My point is that I see our role as parents to guide and nurture  her through that learning so she's ready.  Instead my Wife simply says but she's safe there in her room.  No one is bullying her or at least she comes out of the room though.  Agreed she does, but that to me is not normal life that she is about to enter and we're not preparing her.  Then I'm met with so why change her just because it's my perceptions of what normal should be?  
This is where the uncontrollable feeling starts in my of shear confusion.  How can I compete with that.  One minute I don't care, the next I try to demonstrate my care but getting SD up and beginning to learn life skills and then I'm told it's me and my perception rather than SD doing anything wrong.

An extension of that was that when SD does come down stairs she slumps into the living room in front of the TV.  She's helped herself to a dining room chair and uses it as foot stool and then lays out across it completely flat and covers herself with blankets (even in the summer).  I can no longer ask SD to sit up and put the chair back as I'm met with an outburst of why does matter how she's sits?  So I ask my Wife as that's the direction it seems to be going.  She says but what does it matter, at least she out of the bedroom.

It feels like I'm expected to care but then we I do it's not in the right way and I'm shut down.

I write this on the sofa, family are asleep upstairs as cry my self senseless wishing I had some rope to hand.  Had enough.

 

EveryoneLies's picture

Your wife not being on the same page with you is the root cause. 

If SD17 is independent enough to be studying for a degree, she's smart enough to learn that nothing is free and everything is earned, respect included.

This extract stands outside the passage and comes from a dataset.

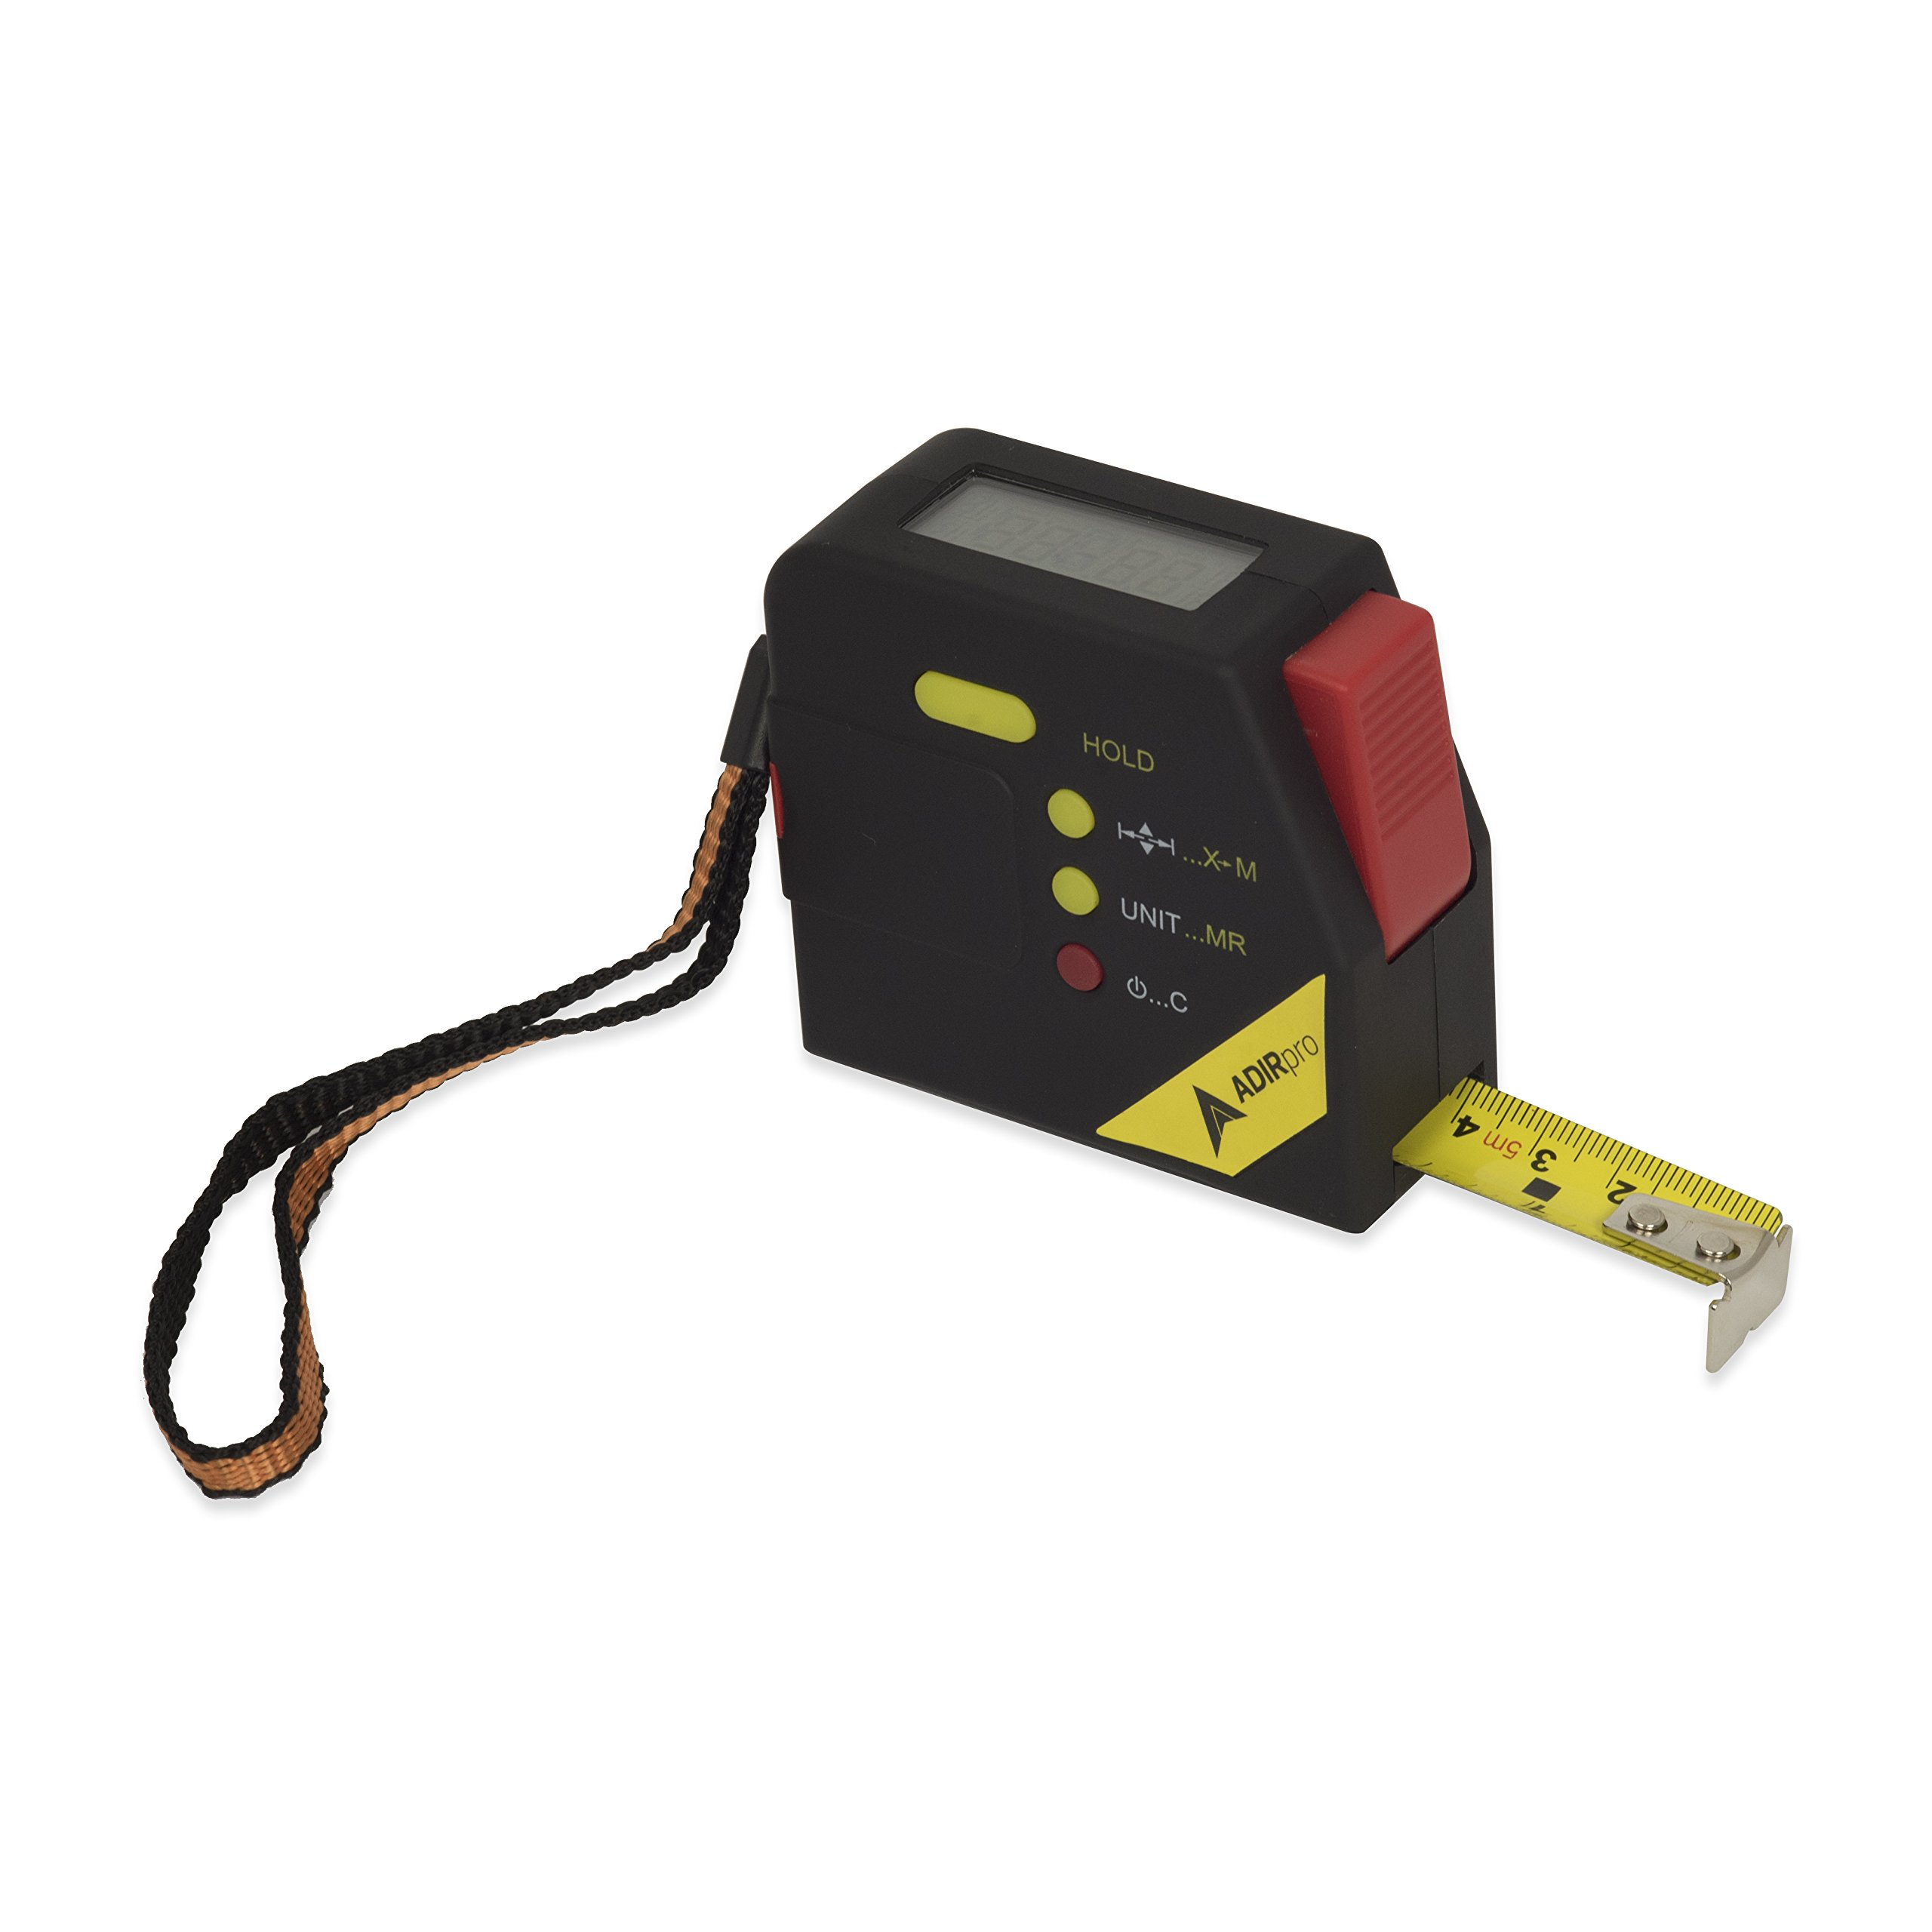 AdirPro 715-06 16' Retractable Digital Measuring Tape with LCD Display

My SS15 is similar (also Autistic and ADHD), but we (DH and I) don't ever allow him to say it's because of his condition when he's intentionally being an a-hole. SS is still a handful and I also don't like him (the same entitlement and self-centerness) but at least I don't feel I am alone in this situation.

I usually don't ask people to leave a relationship, and I don't want to say that to you now. Would it be possible for you and wife to stay in the relationship while you two live apart (is this financially feasible?)? Not seeing this young lady will definitely be good for your mental health. You can move back when your SD move out....that is, if she ever moves out. (Because why would she want to, mom does everything for her)

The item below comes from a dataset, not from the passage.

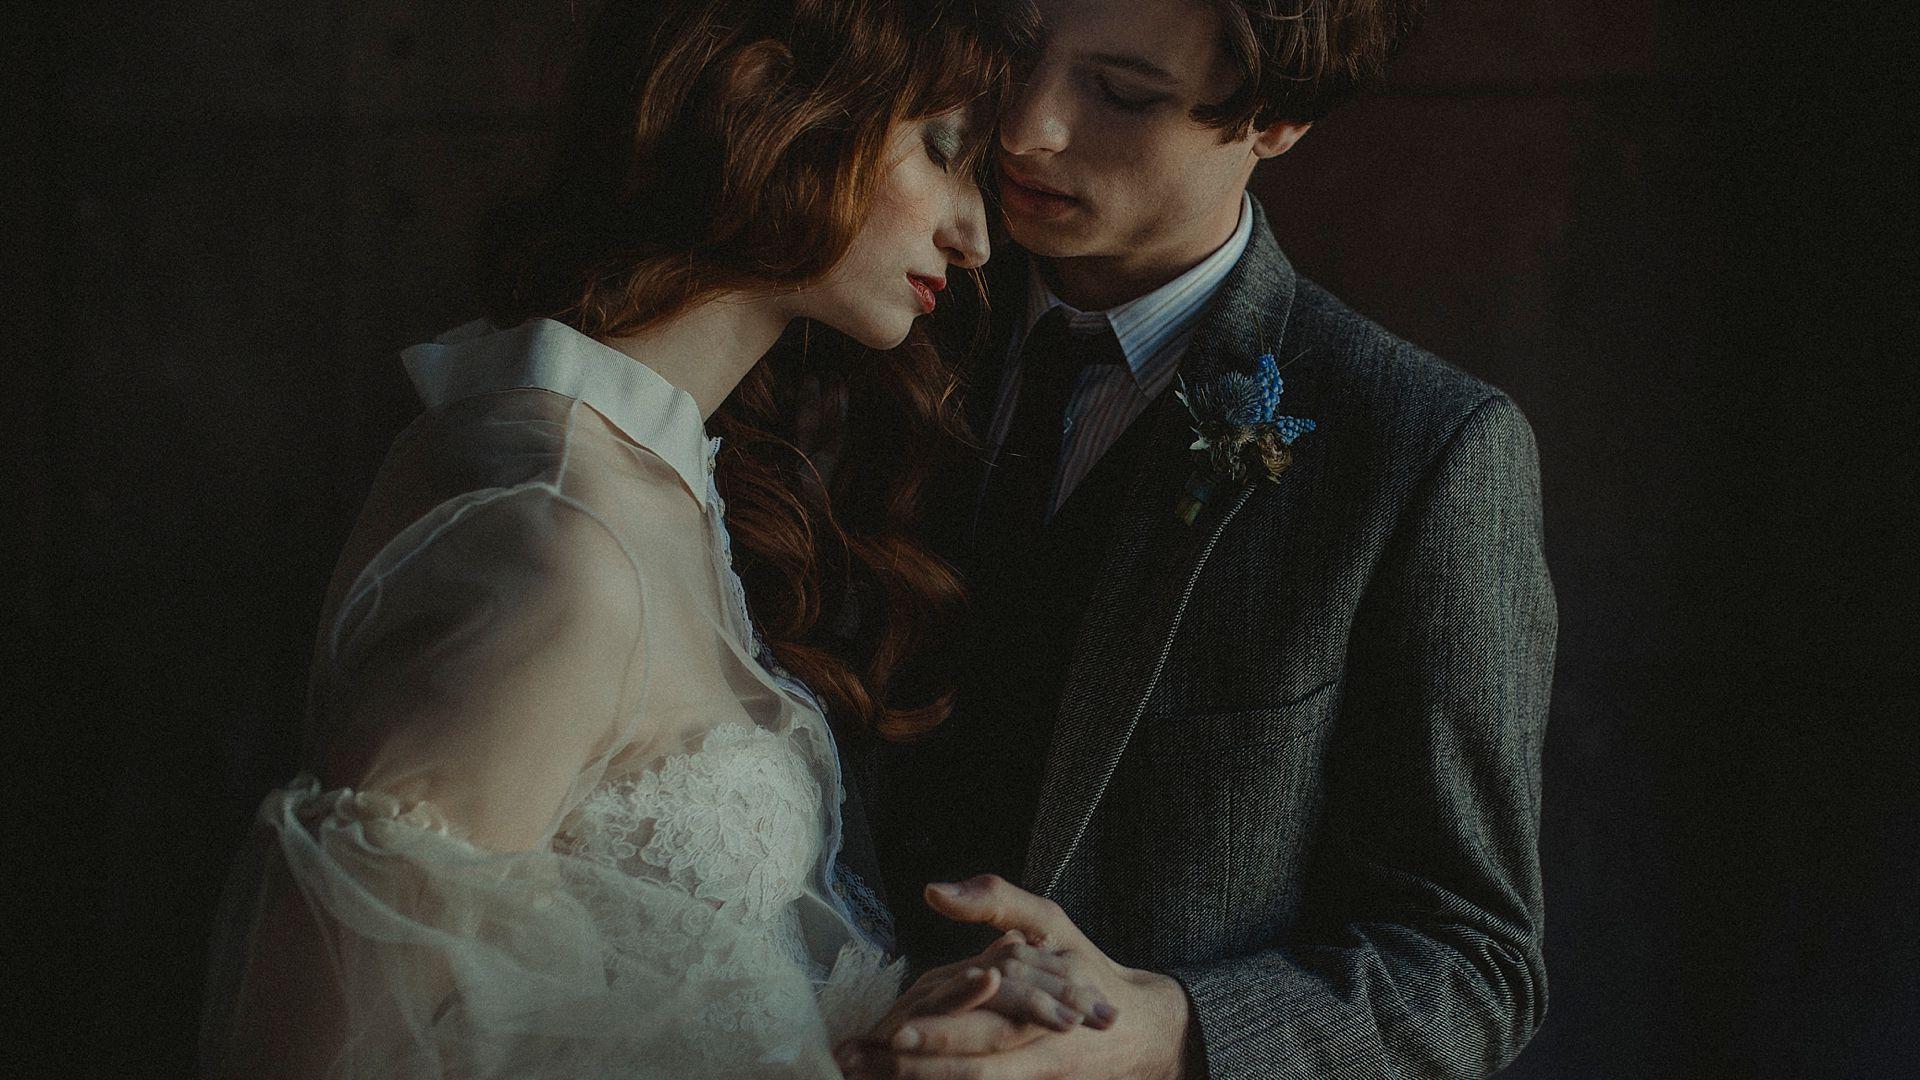 Decadent Wedding Inspiration- Moody Wedding Inspiration- Sudio Fotografico Bacci- Unconventional Wedding- editorial wedding

I'm really sorry you have to deal with this. Please feel free to ping me if you want to vent. 

 

Rags's picture

Repeatedly while expecting different results.

Your SS-14 is not your responsibility or your problem.

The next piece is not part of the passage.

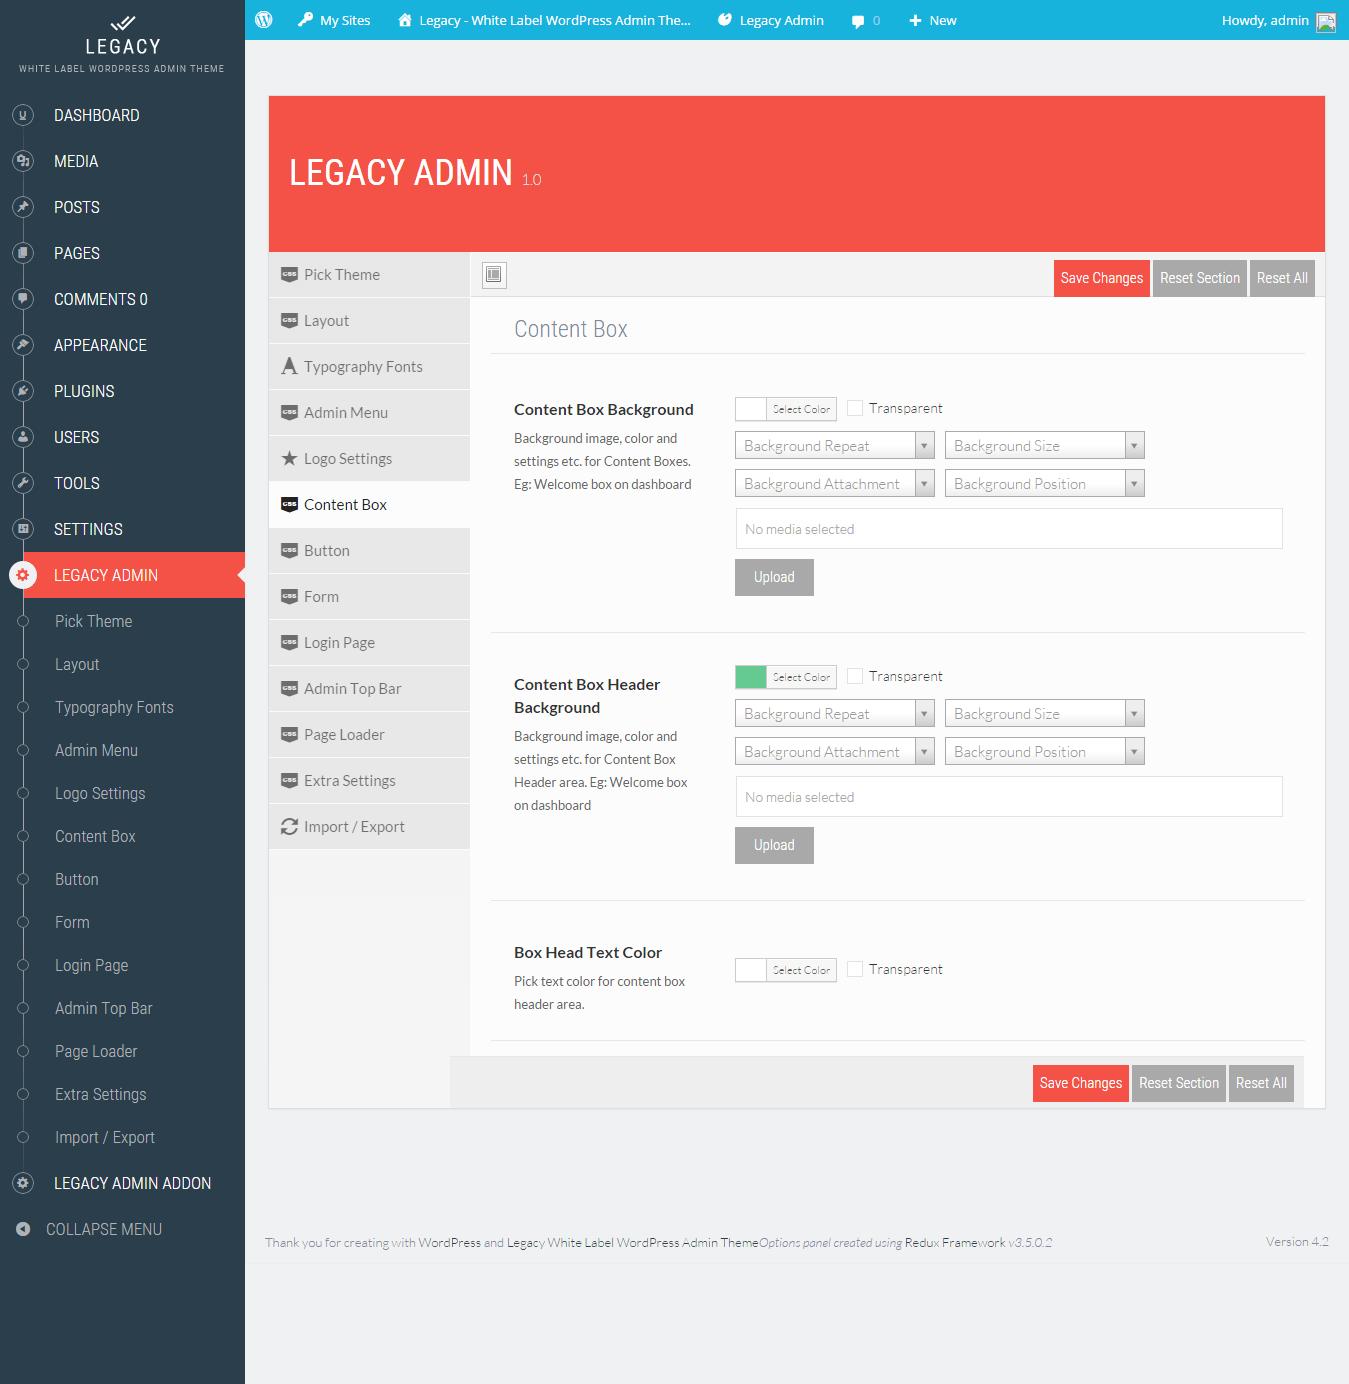 Legacy - White label WordPress Admin Theme by themepassion ...

What is there about this toxic failed mother, failed partner, failed woman of a wife that has earned your self sacrificing misery embracing slow suicide wasting of your life?

smh

Nea

shamds's picture

Of course her mum is going off at you when she is incapable of disciplining her child. My mum was asian and she put the fear of god in us growing up. I dare you to try shouting and screaming at an adult and she'd smack you as a teenager even. Nowadays thats called abuse.

its easier for your wife to make you the baddy and not tell off her daughter how reckless she was and how rude she was. She knows you will comply or keep quiet compared to world war 3 with your skid

CLove's picture

Theres a lot going on here.

The way that your wife gangs up on you with her spawn is bad.

The way that your wife manipulates you, and gaslights you (oh, so you want to leave because you cannot handle things here at home? You must not LOVE me anymore) is bad.

The way that your SD/SS is allowed by your wife to treat You (horribly) is bad.

The way your wife enables SD/SS to be disabled so their codependent selves can continue the way they have been, is bad.

I am not reading anything except that when SD/SS was gone that would lead me to understand what the heck there is to stay for.

Get thee to a lawyer! Find out what your options are (there are many).

Separate your finances. If your wife controls the finances, get started today managing your own separately.

Your talk therapist needs to hear the whole truth about what the causes of issues are. Hint: your wife.